My skepticism over his NBA fit exists so long as Jackson-Davis remains a complete non-shooter. It’s just really hard to be an undersized, non-shooting big in the NBA these days, which makes it a high bar for TJD to clear for rotational impact.
Bonus video of NBA Combine workout at
O’Conner at https://nbadraft.theringer.com:
High-flying lefty center who plays with an edge and intimidates opponents near the rim.
Constant lob threat. Indiana runs screening plays to get him skying toward the rim.
Primarily a post scorer in college. Although that won’t be his role in the NBA, it’s still a valuable tool. He can dribble into post-ups and expose mismatches. And he’s excellent at sealing off defenders under the rim to create easy scoring chances.
Displays soft touch on hook shots and floaters.
Helpful playmaker who can bring the ball up the floor to initiate dribble handoff actions. With his rolling ability, his value will be heightened when he’s paired with shooters who can deliver accurate passes. He does a good job of throwing cross-court passes in the post to shooters, a skill that can translate to any spot or situation on the floor.
Quick second-leaping ability enhances his chances of making plays around the basket—whether he’s fighting for putbacks on offense, or altering shots on defense.
Scheme-versatile defender who is effective in drop coverage because of his great athleticism and coordination blocking shots, but he’s also agile enough to comfortably switch screens.
Left-hand-dominant player. The ball rarely even touches his right hand unless he’s dunking with both hands.
Unproven shooter. He’s making only 67.5 percent of his free throws in his college career, and he has attempted only three shots from behind the arc, missing all of them.
Undersized centers will always have limitations in certain matchups. If he needs to be paired with a beefy big to match up against someone like Nikola Jokic, then it may suffocate offensive spacing unless that teammate can also shoot 3s. Otherwise, it’s important for TJD to acquire that skill himself.
More Dean on Draft:
TJD is bit of an awkward NBA mold as an undersized center, measuring 6’8.25” without shoes with a 7’1 wingspan.
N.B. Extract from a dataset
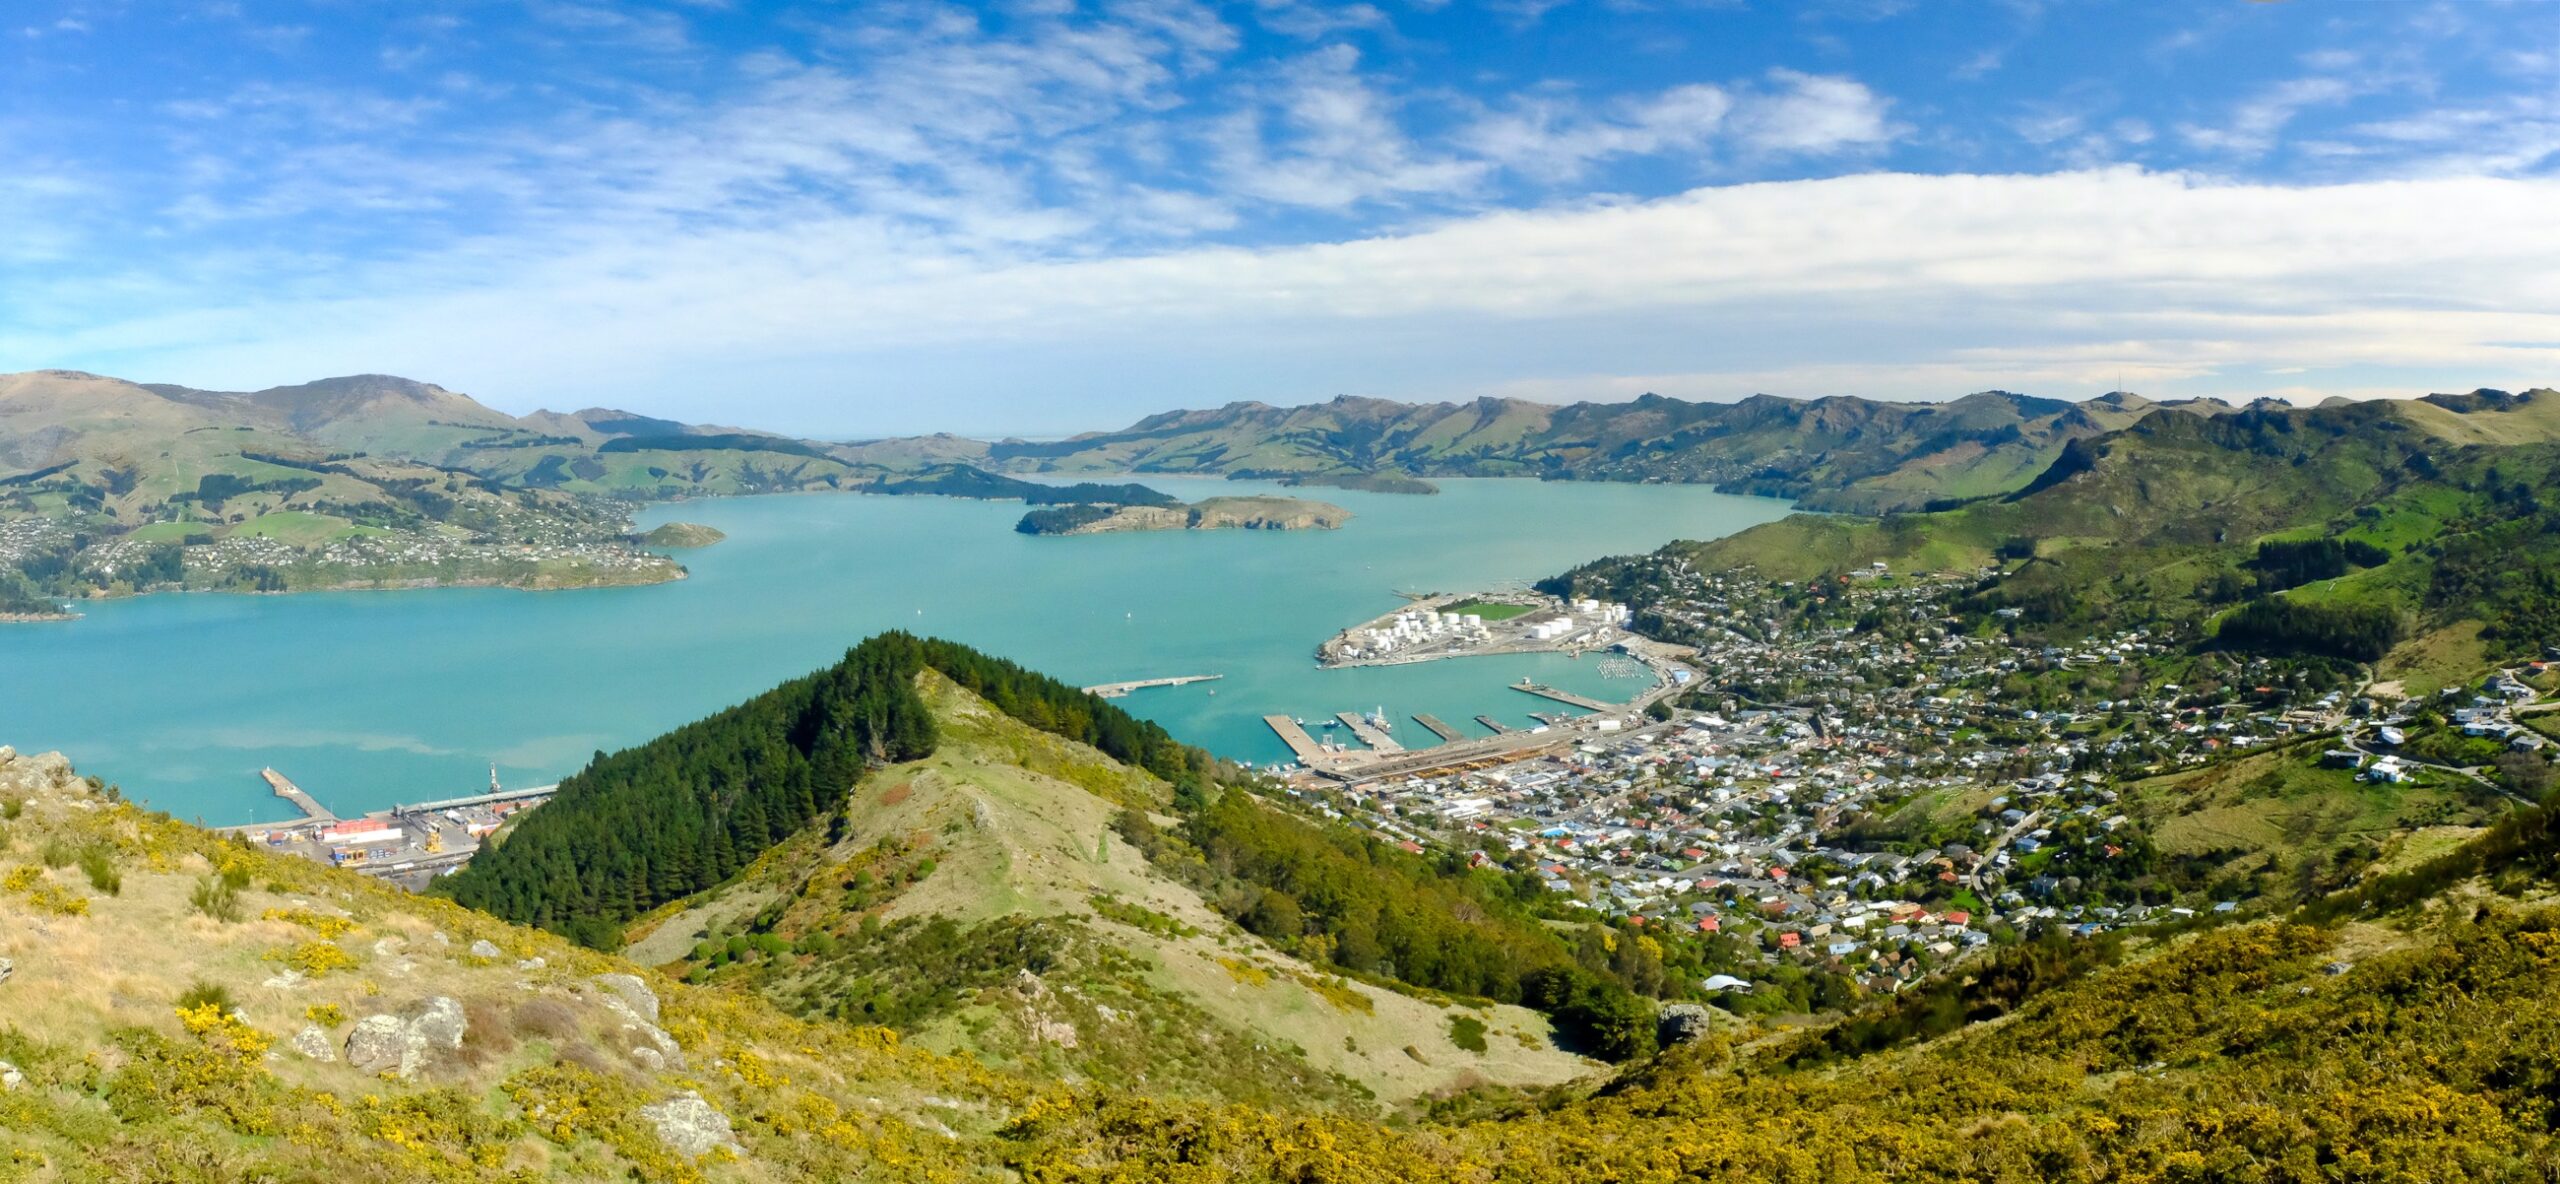 Christchurch: The City Rising from the Rubble: Top Places to Visit

But we are a few years removed from seeing Brandon Clarke provide solid late first in a similar mold but even smaller, measuring 1” shorter and 4.75” less wingspan.
Clarke was more efficient with a ridiculous 70.3% 2P to Trayce’s 58.2%, but TJD offers higher scoring volume and nearly 2x the assist rate, with 6.8 assists per 100 compared to Clarke’s 3.8.
It’s difficult to say if TJD has the footspeed to cut it as an NBA defensive player, and his steal and block rates are lower than Clarke’s. But 2.9 blocks per game over 34.5 minutes is a high enough rate to give him outs to be a reasonable rim protector, and offensively he can be used as a creator, roll man, or garbage man.
He has been a high level starter for all 4 years at Indiana. Even though his mold is suboptimal, at some point it is difficult to deny his productivity, as it is easy to envision him as a useful NBA rotation player like Clarke.